Salomon, que viveu na pele a desconfiança dos pais por ser disléxico (quem diria que viria a escrever um livro como Longe da árvore, magistral e com quase 900 páginas) e gay (é uma questão lógica, a maior parte dos gays são filhos de heterosssexuais). Por isso quis investigar como os casais rejeitam e passam a amar os filhos que se afastam do padrão de afeto que criaram em suas fantasias – a maior delas a de se eternizar no destino heroico que programam para o filho. Para isso ele mergulhou em universos que sabemos que existem, mas que são preservados do nosso contato por uma operação que mescla discrição e constrangimento.

Surdos, anões, portadores de síndrome de Down, autistas, esquizofrênicos, portadores de deficiências múltiplas, crianças prodígios, filhos concebidos por estupro, transgêneros e menores infratores. Essas são as 10 “identidades horizontais”, ou seja, que divergem dos padrões familiares, linguísticos e sociais mais correntes, que passam a atrair a atenção do autor. Além de descobrir um mundo riquíssimo de substância humana, pleno de sentido e capaz de realizações sublimes, Salomon volta sua atenção para os pais e seu empenho em amar aqueles que, a princípio, rejeitam.

A grande lição do livro é que o amor cresce com a diferença. Mais que isso, os pais, que deixam de lado seu esforço narcisista de se realizar por meio do filho, se tornam mais livres para amar e conhecer o mundo. Eles também ficam melhores. Salomon acompanhou muitas histórias para descobrir, mais que uma lei do afeto familiar, uma saída para um mundo que insiste em perder sua vocação para a alegria. A aposta no amor – a começar por filhos “diferentes” – permite expandir nossa vocação para o contato humano. Em outras palavras, a sermos mais felizes.

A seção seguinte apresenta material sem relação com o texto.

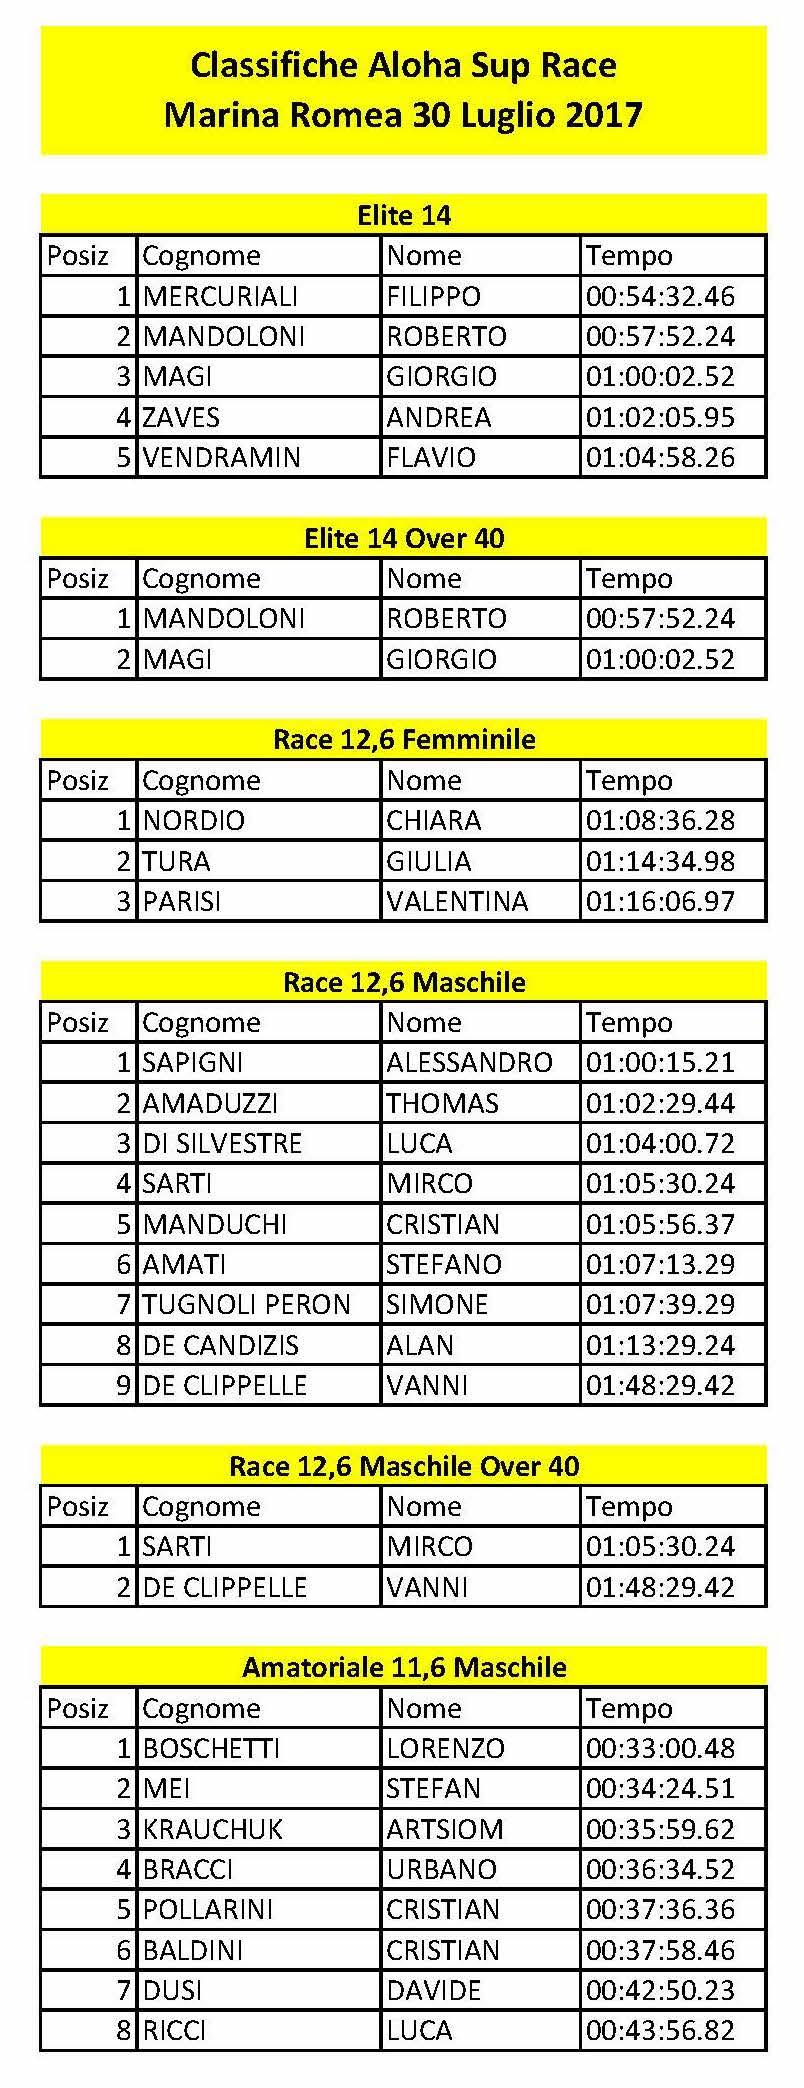 Classifiche-Aloha-Sup-Race-Marina-Romea-30-Luglio-2017_Page_1

Assim como os filhos não existem para realizar nossas fantasias, nossas existências não precisam ficar presas nas expectativas que foram depositadas sobre nós. A psicologia, psicanálise, terapia, ou o que seja, é uma forma de buscar a liberdade. Outra via é a política, que permite que sonhos coletivos se concentrem no imaginário de grupos comprometidos em fazer dos homens pessoas mais completas. Mas há um caminho intermediário, meio pessoal, meio coletivo, que aponta para comportamentos bem mais simples e igualmente efetivos: a delicadeza.

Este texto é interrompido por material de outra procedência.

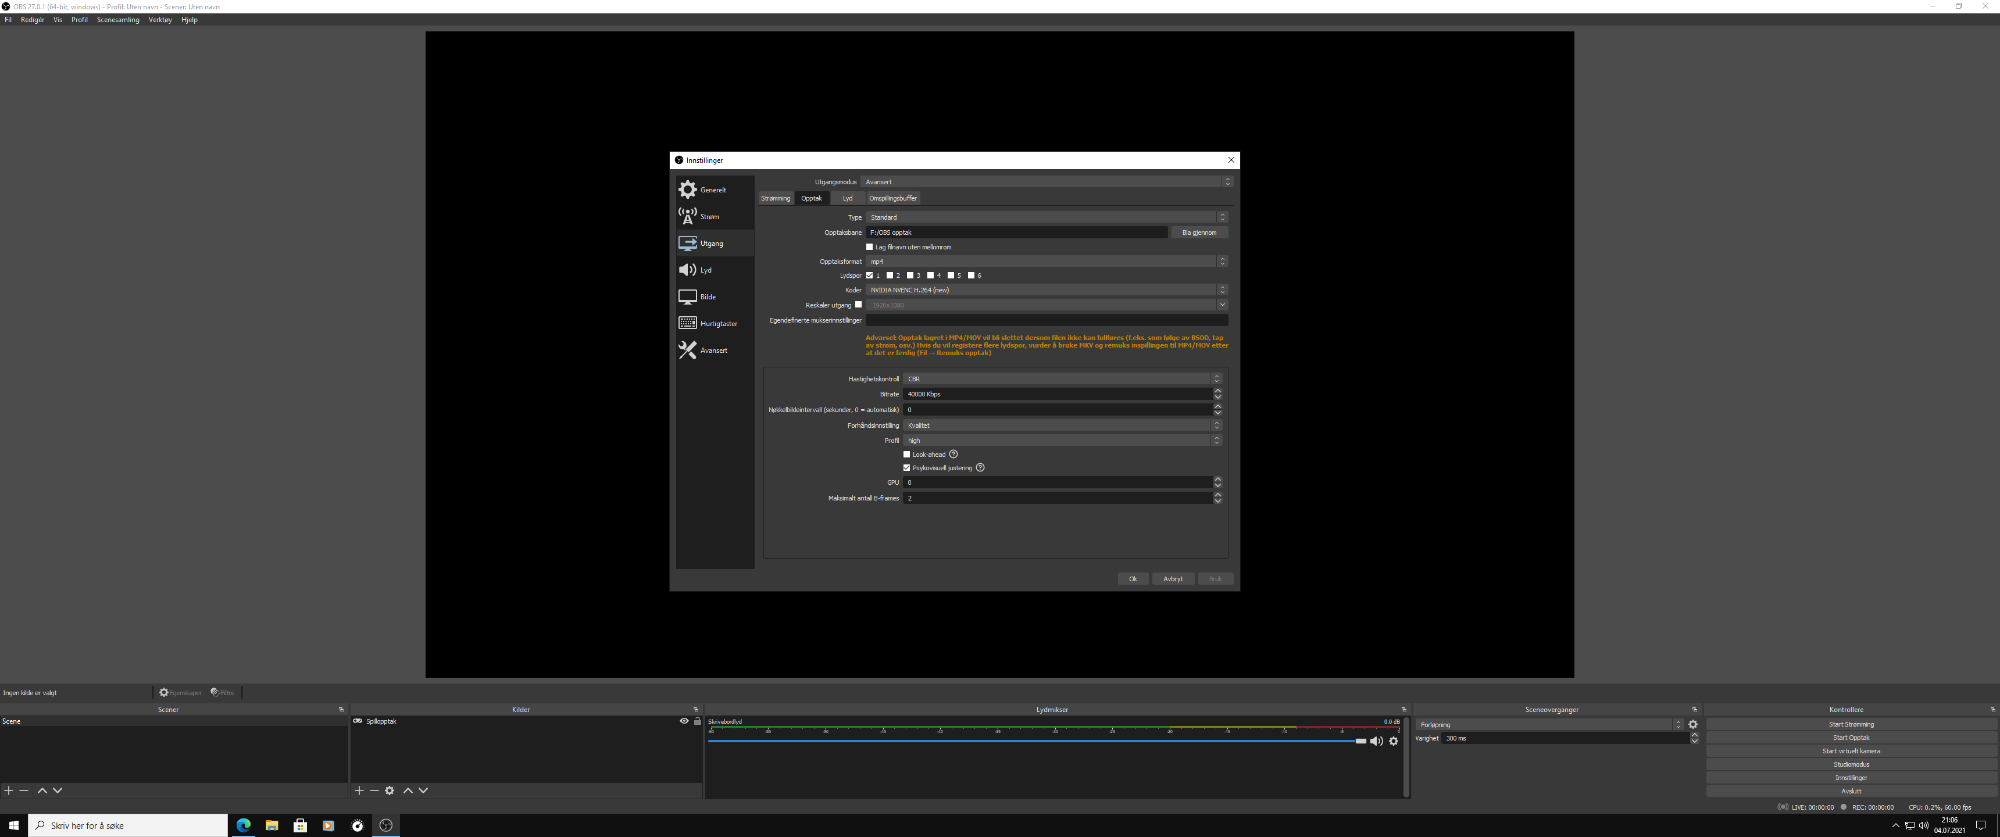 Desktop Screenshot 2021.07.04 - 21.06.54.73.png

O mundo não vai deixar de ser uma selva apenas com terapia e revolução. Nem mesmo com a capacidade de os pais estenderem o amor de seus filhos ao amor de todas as crianças. Estamos precisando de uma dose mais urgente de política do afeto e afetividade política. Tratar bem os iguais é fácil e inócuo, quase uma atitude mesquinha em sua busca de reciprocidade. O que anda fazendo falta no mundo, e que pode adiar um pouco o estado de selva que nos cerca e ameaça, é a capacidade de ver o outro como pessoa, quem sabe como nosso filho que foge do padrão.